MONTREAL — Quebec’s health minister has responded to concerns raised by the province’s anglophone community over proposed cuts to English healthcare services.
Speaking at the Liberal Party pre-sessional caucus meeting in La Malbaie on Thursday morning, Gaetan Barrette was clear: he would not accept any merger that would affect anglophone services.
“In no way will I accept any merger or whatever restructuring that will affect anglophone’s care in their own language,” he said. “This will be unacceptable.”
The controversy began when Barrette asked local healthcare providers to examine the services offered and provide options for reducing costs.
“I asked them to think of ways to make economies,” Barrette explained. “The objective is optimization without touching services.”
According to Barrette, his request led to several cost-cutting suggestions, one of which included the merger of the Constance-Lethbridge Rehabilitation Centre with three francophone centres in Montreal.
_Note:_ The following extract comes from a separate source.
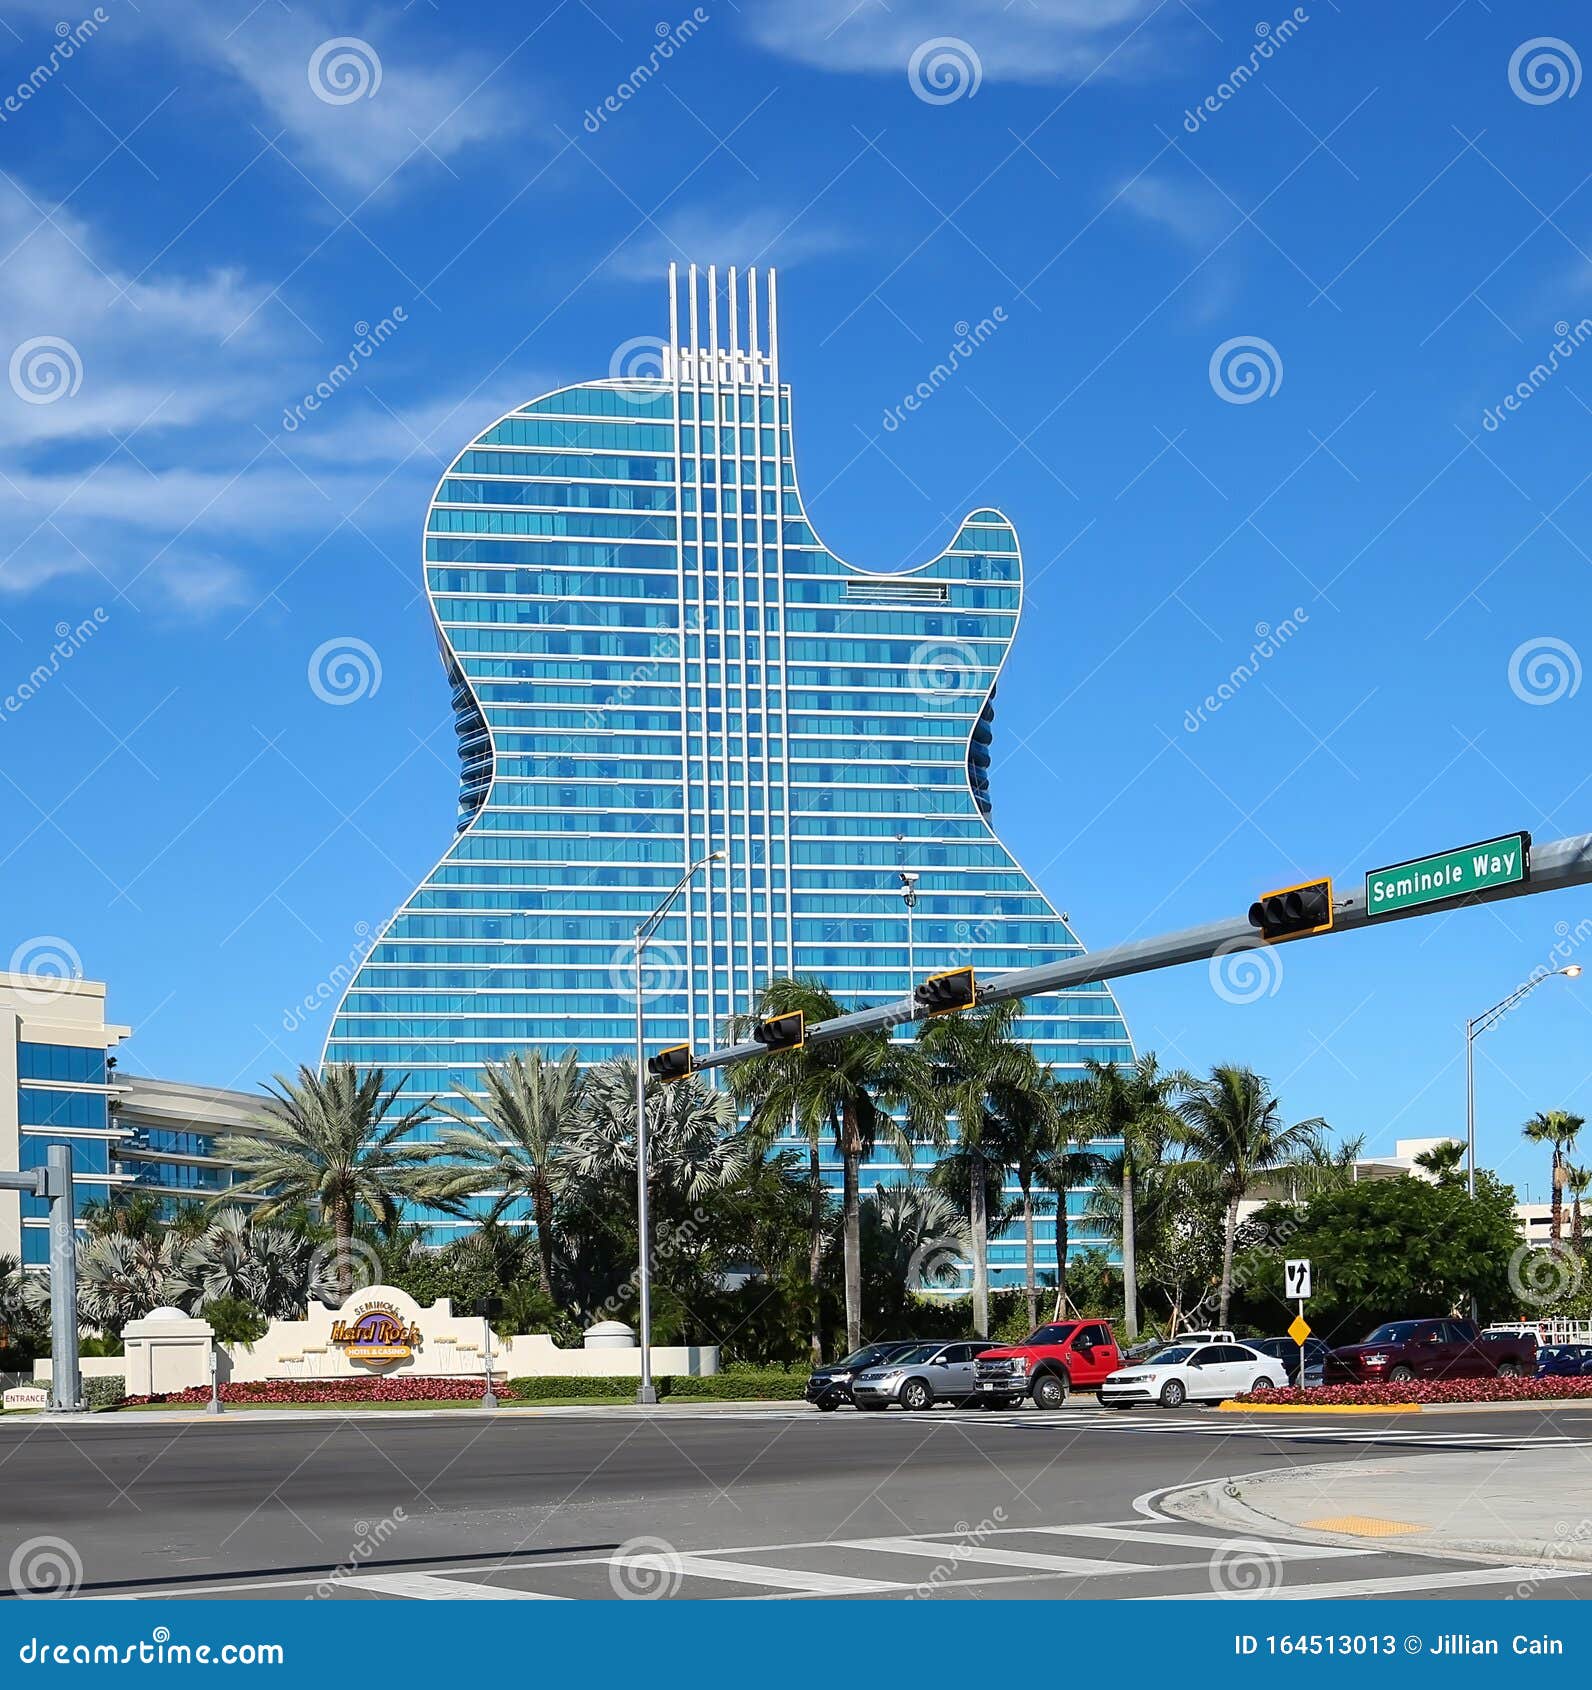 Hard Rock Guitar Hotel in Florida Editorial Stock Photo - Image of  entertainment, destination: 164513013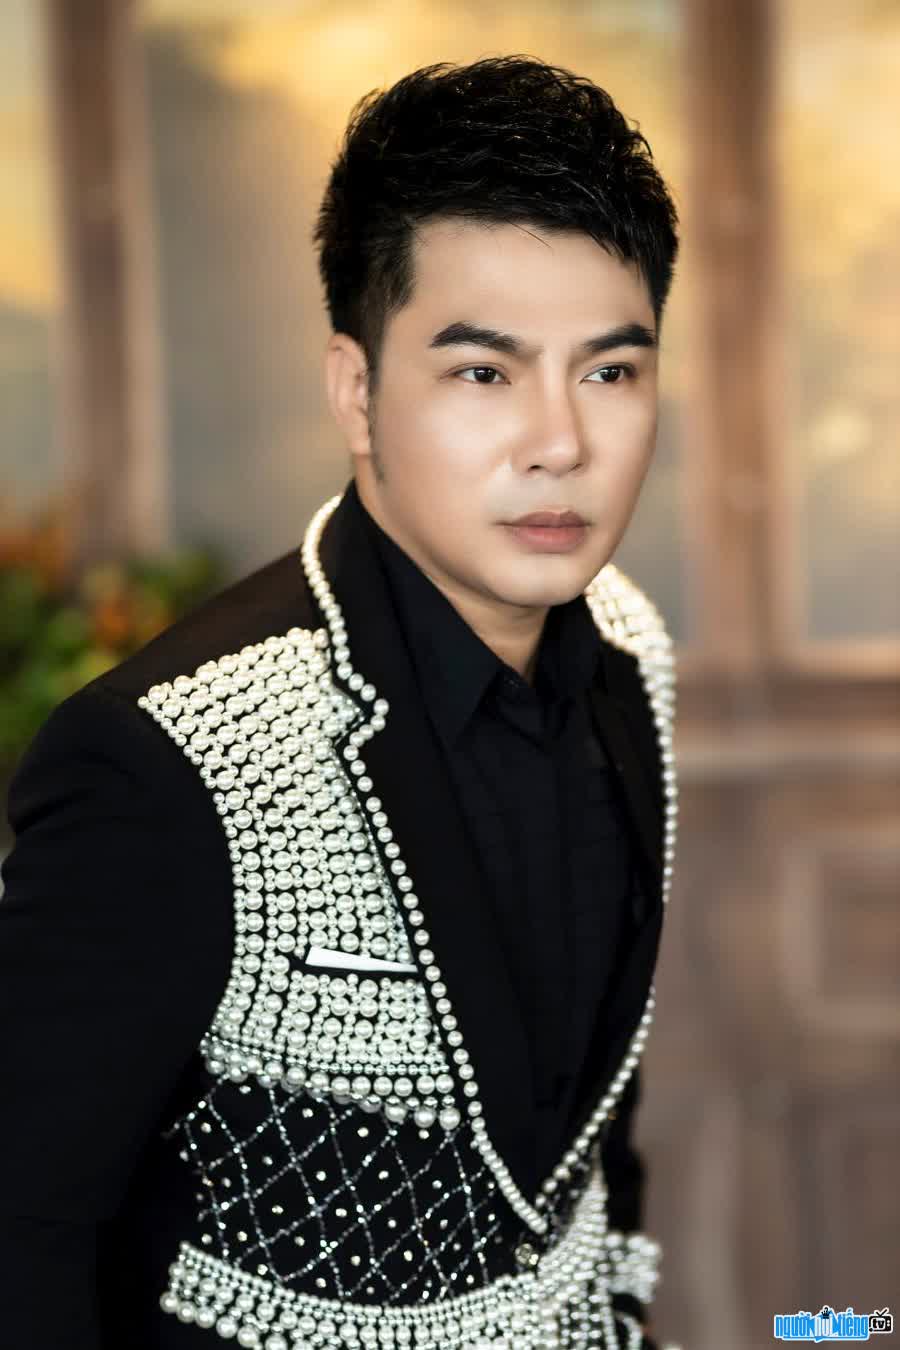 Latest image of singer Chau Tuan

The concern with the proposed merger is that as Constance-Lethbridge is officially designated under the French Language Charter as an institution that provides services in both English and French, if it merged with the Centre de réadaptation Lucie-Bruneau, the Institut de réadaptation Gingras-Lindsay-de-Montréal and the Institut Raymond-Dewar, it would lose its bilingual designation.
“I understand that people in the anglophone community who are upset today about what they are hearing,” he acknowledged.
“These [suggestions] are extremely theoretical, and the way things are going, I’m quite sure the merger that is proposed will not be accepted.”